Fiskaaling aims to work with a variety of research projects that contribute to developing sustainable aquaculture in the Faroe Islands.

Research Projects

Large Smolt Welfare

Land-based fish farming has evolved a lot lately, and the Faroe Islands are at the forefront when talking about breeding large smolt.

However, breeding large amounts of good and large smolt on land over a long period of time in a Recirculating Aquaculture System (RAS) places great demands on breeders to ensure the health and well-being of the fish. This requires, for example, constant good water quality, good space and good handling that does not stress or damage the fish.

One frequently asked question in connection with large smolt is, therefore, how is the fish affected by being so long on land?
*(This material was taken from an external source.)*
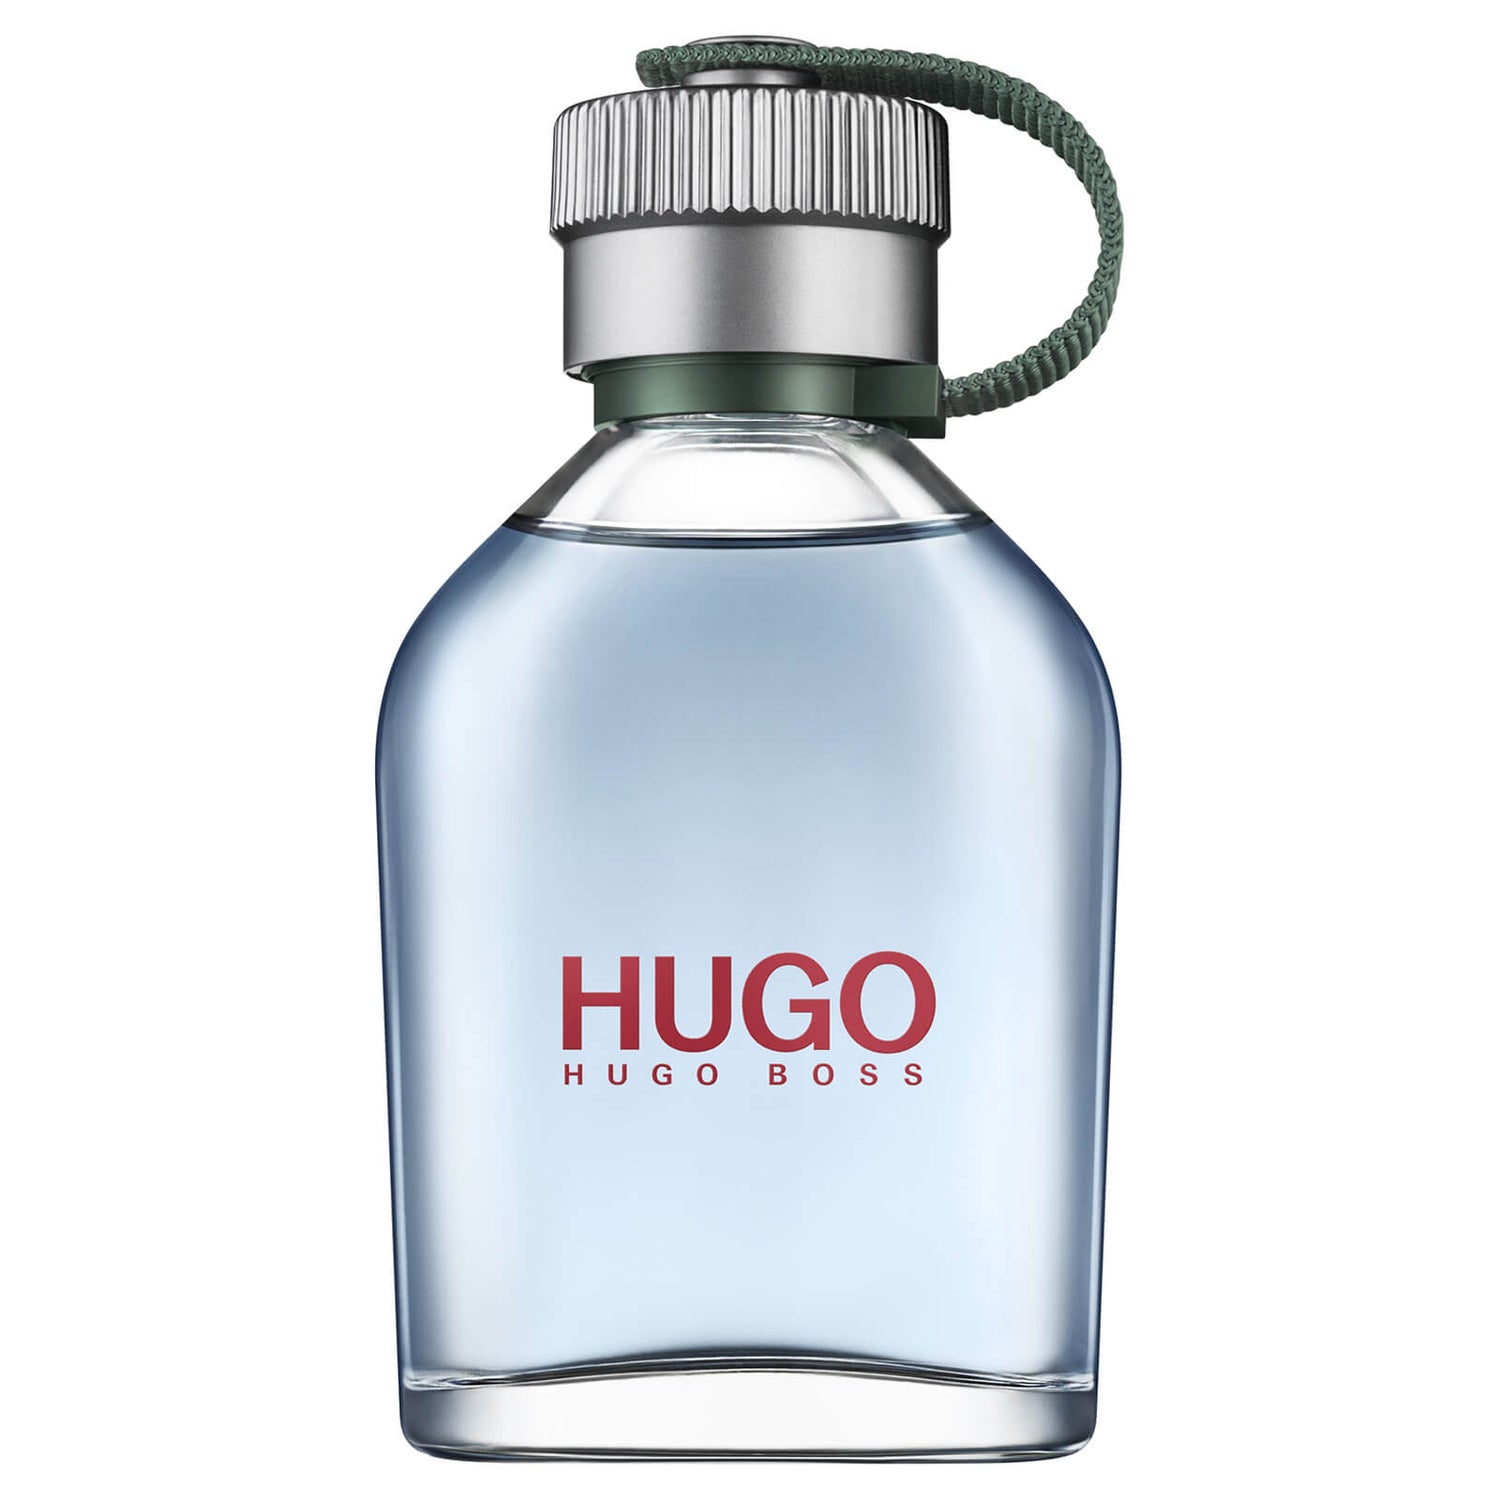 Hugo Boss HUGO Man After Shave Lotion 75ml - Entrega GRÁTIS

To answer this question, Fiskaaling will launch a health / welfare screening project. The plan is to take samples of fish (20 fish each time, every three weeks) from the fish at about 100 g until release.

There will be blood tests, gill tests and slime tests as well as samples from the viscera and other tissues, which are examined for a number of parameters that are commonly used as welfare indicators.

These are parameters that have an impact on ion regulation, metabolism, the endocrine system and the fish's immune system.

In addition, several parameters that directly relate to water quality parameters such as O2, CO2, TAN (Total Ammonium Nitrogen), nitrite, nitrate and TSS (Total Suspended Solids) are investigated.

All results are cross-compared and with the surrounding environment, such as water quality, biomass and feeding. With this type of comparison of all these parameters Fiskaaling aims to identify problems in relation to the well-being of salmon and to confirm how best to follow the development of the attempts to solve the challenges at hand.

It is almost equally important to confirm what is not a problem and possibly which studies do not adequately illuminate the situation. Such knowledge is important to hold on to what works and not to invest unnecessary energy and money on futile or misleading research.

It is therefore also of great importance for this project to succeed that the participating smolt stations are willing to provide information, such as measurements of water values, biomass, fish density, cage size, feeding rate, mortality and other items of significance.

In this way we get an overall picture of the health and welfare of the fish during its time on land.